Tatjana Paić-Vukić konuşmasına Hırvatistan’da yazma eserler alanında çalışan araştırmacıların bulunmadığından bahsederek başlamış ve sunumunda Osmanlı Bosnası’ndaki özel bir kütüphane ile ilgili yaptığı araştırmaya odaklanacağını ifade etmiştir. Paić-Vukić’in kütüphaneyle ilgili ilk izlenimlerine göre mezkûr kütüphane, 19. Yüzyılın ilk yarısında yaşamış olan Saraybosnalı Kadı Mustafa Muhibbî’ye ait olup oğulları ve torunlarına miras kalmıştır. Kütüphane koleksiyonunda 164 yazma eser vardır ve bu sayı ile kütüphanenin Osmanlı Bosnası için büyük bir koleksiyon özelliğinde olduğu söylenebilir. 1961 yılında Muhibbî’nin mirasçıları bu yazmaları Zagreb Üniversitesi Milli Kütüphanesi’ne bağışlamıştır. 2000 yılında bu koleksiyonu bizzat inceleyen Paić-Vukić, doktora tezini bu koleksiyonda bulunan yazmalardan hareketle hazırlamıştır. 2007 yılında tamamlanan doktora tezi 2011 yılında İngilizce’ye çevrilmiş ve kitap olarak basılmıştır.

Paić-Vukić konuşmasına kitabının kapağında yer alan ve Mustafa Muhibbî’ye ait olan temellük kaydı ve mührünü okuyarak devam etmiştir. Akabinde özel kütüphaneler hakkında yapılan çalışmalardaki farklı metodolojik yaklaşımların tartışılmasına vurgu yapmıştır. Bu noktada mevcut literatüre değinmiş ve İsmail Erünsal’ın çalışmalarından sonra Osmanlı Kütüphaneleri hakkında yapılan çalışmaların arttığını belirtmiştir. Bu literatürden Mustakim Arıcı ve Mehmet Arıkan’ın yazmalardaki kayıtlardan hareketle inşa ettikleri Taşköprülüzade biyografisine özellikle değinmiş, metodolojik olarak kendisinin de çalışmasında benzer bir yaklaşımla hareket ettiğini ancak kendisinin Taşköprülüzade gibi önemli bir şahsın aksine Mustafa Muhibbî gibi tarihin aydınlatmadığı bir kişinin hikayesini yazdığını vurgulamıştır. Bu hikaye Muhibbî’nin özel ve kamusal faaliyetlerini, yaşadığı dönemin toplumsal değerlerini ve kültürel kalıplarını da kapsamaktadır.

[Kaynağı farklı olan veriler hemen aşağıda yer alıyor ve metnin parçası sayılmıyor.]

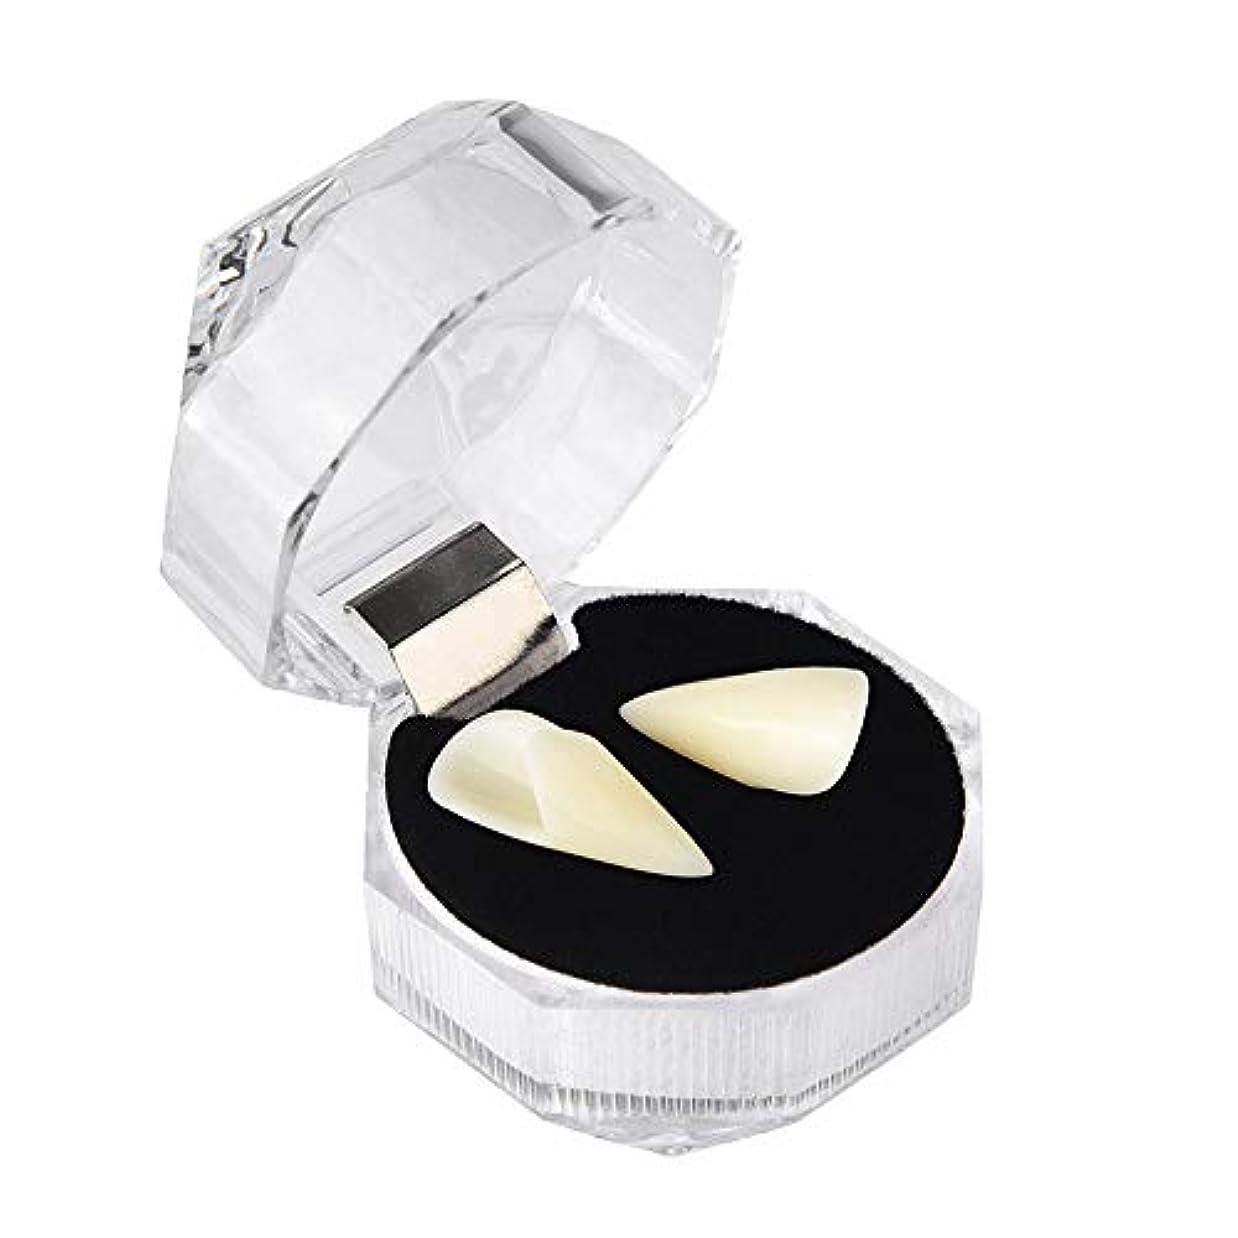 市民溶けた連続したユニセックスハロウィーンロールプレイングゾンビ義歯、樹脂にやさしい食品グレード義歯(13mm、15mm、17mm、19mm),19mm

Muhibbî’nin eğitim hayatından ve kadılık sürecinden bahseden Paić-Vukić’e göre, biyografisine ve sahip olduğu kütüphaneye bakıldığında Muhibbî’nin elit bir zümreden olduğu söylenebilir. Bunun yanı sıra 1854 yılında vefat eden Muhibbî hakkında tarihi kaynaklarda çok az bilgi bulunmaktadır. Sadece mezar taşında Muhibbî’nin Saraybosna mahkemesinin başkâtibi olduğu ve sûfî olduğu yazılıdır. Paić-Vukić, bu bilgiler dışında Muhibbî hakkında bilinen her şeye kütüphanesindeki yazmalardan yer alan notlar aracılığıyla ulaştığını vurgulamıştır.

Paić-Vukić, çalışmasına ilk başladığında kütüphanedeki yazmaların bir aileye ait olduğunu bilmemektedir. Muhibbî’yle ilgili ilk bilgilerini, yazmalardaki temellük kayıtlarından ve koleksiyonda var olan mecmualardaki kayıtlardan hareketle bulmuş ve bu kayıtlardan Muhibbî’ye ait sıfatları çıkartmıştır.

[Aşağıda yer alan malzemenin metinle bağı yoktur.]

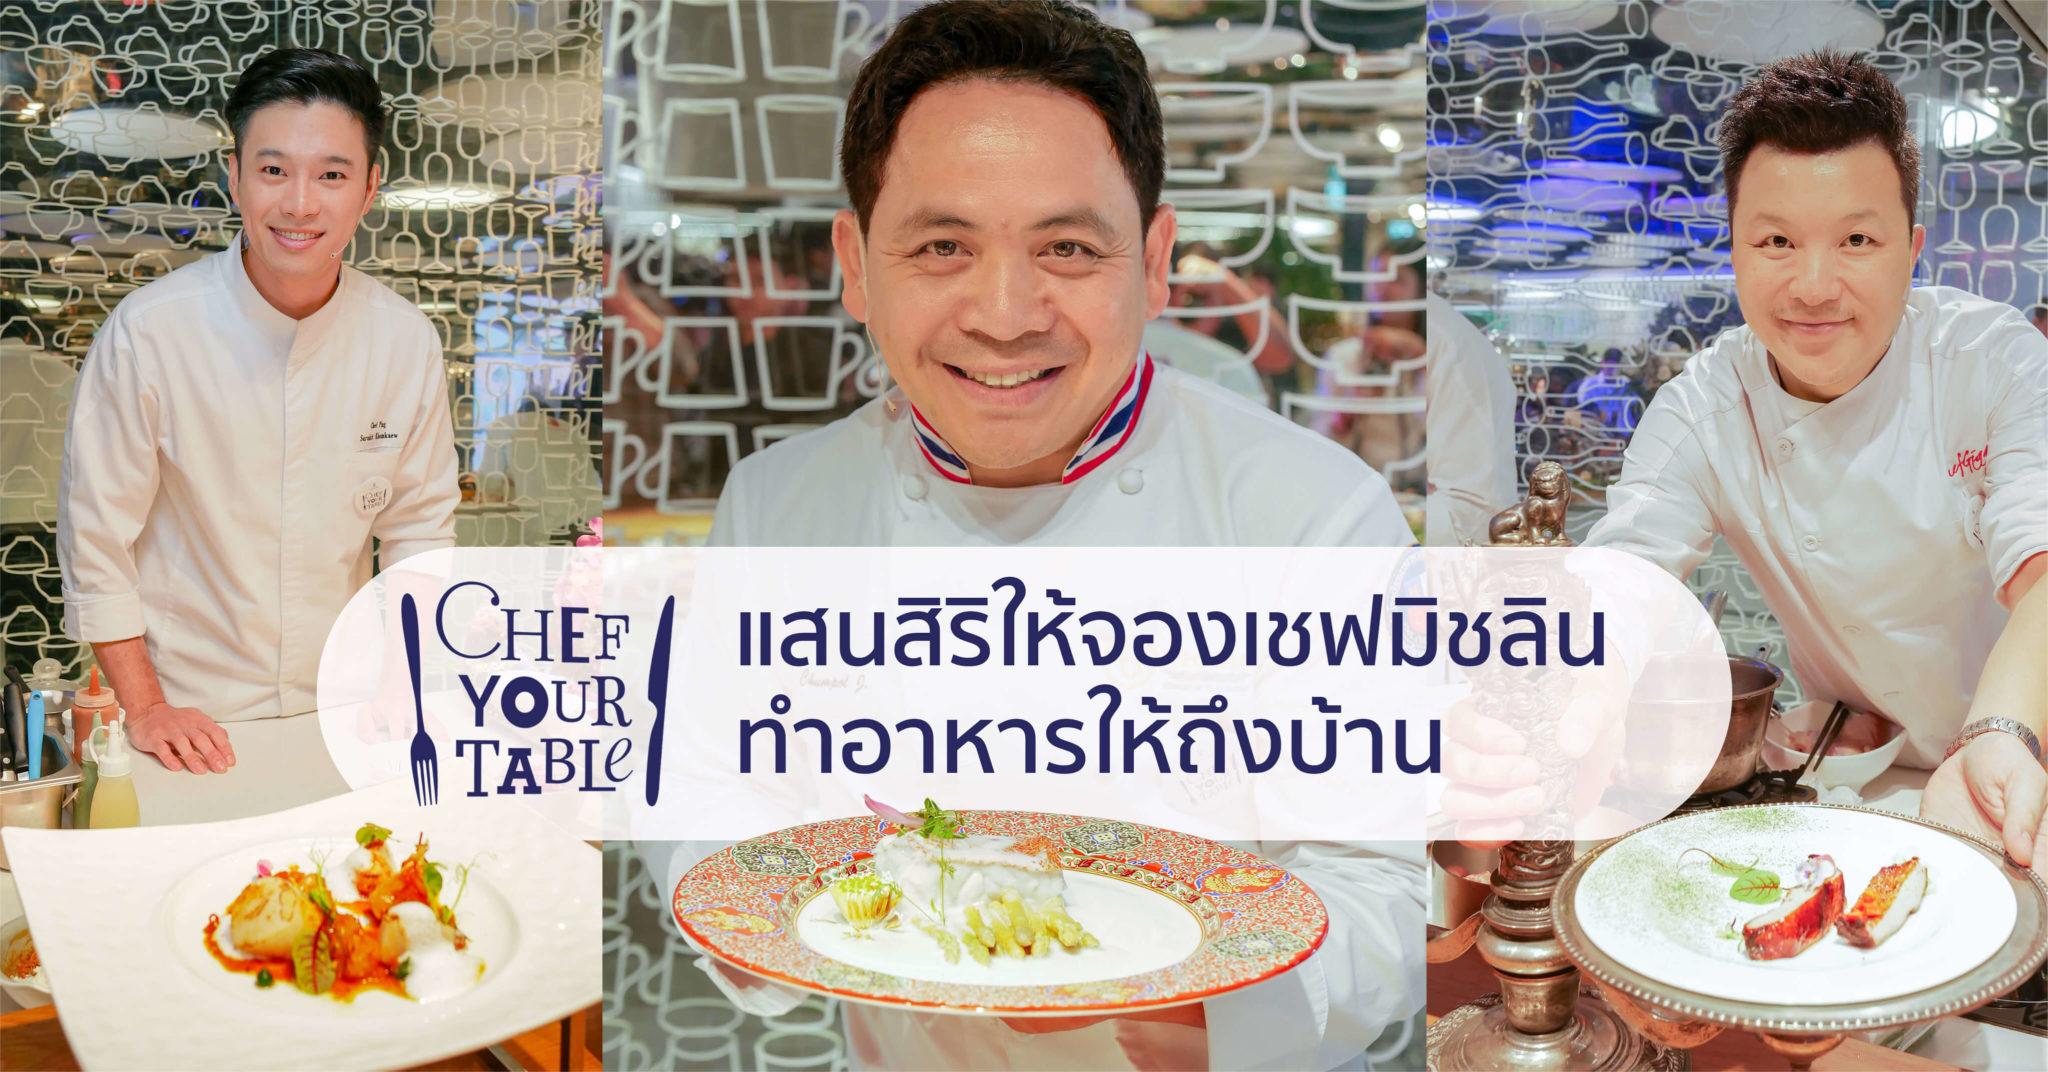 """สร้างช่วงเวลาสุดพิเศษไปกับ """"Sansiri Chef Your Table"""" ที่ให้คุณได้ลิ้มรสอาหารฝีมือเชฟระดับประเทศถึงบ้านคุณ! 13 - Chef"""

Konuşmasının başlığında da belirttiği üzere çalışmasındaki metodolojiyi ayrıntılı bir şekilde anlatan Paić-Vukić, yazma eserlerden tespit ettiği bilgilerin bölük pörçüklüğünden dolayı tutarlı bir biyografi inşa edemediğine vurgu yapmış ve bu sorunu tezini tematik olarak bölerek çözüme ulaştırdığını söylemiştir.  Akabinde çalışmasında tüm bu kayıtları Osmanlı Bosnası’nın kültürel ve sosyal koşulları çerçevesinde sunduğunu ifade etmiştir. Bu noktada Hırvatistan’da Osmanlı tarihi konusunda az uzmanın bulunmasından dolayı alana katkı sağlamayı önemsediğini ve çalışmasını bu yüzden Hırvatça yazdığını belirtmiştir.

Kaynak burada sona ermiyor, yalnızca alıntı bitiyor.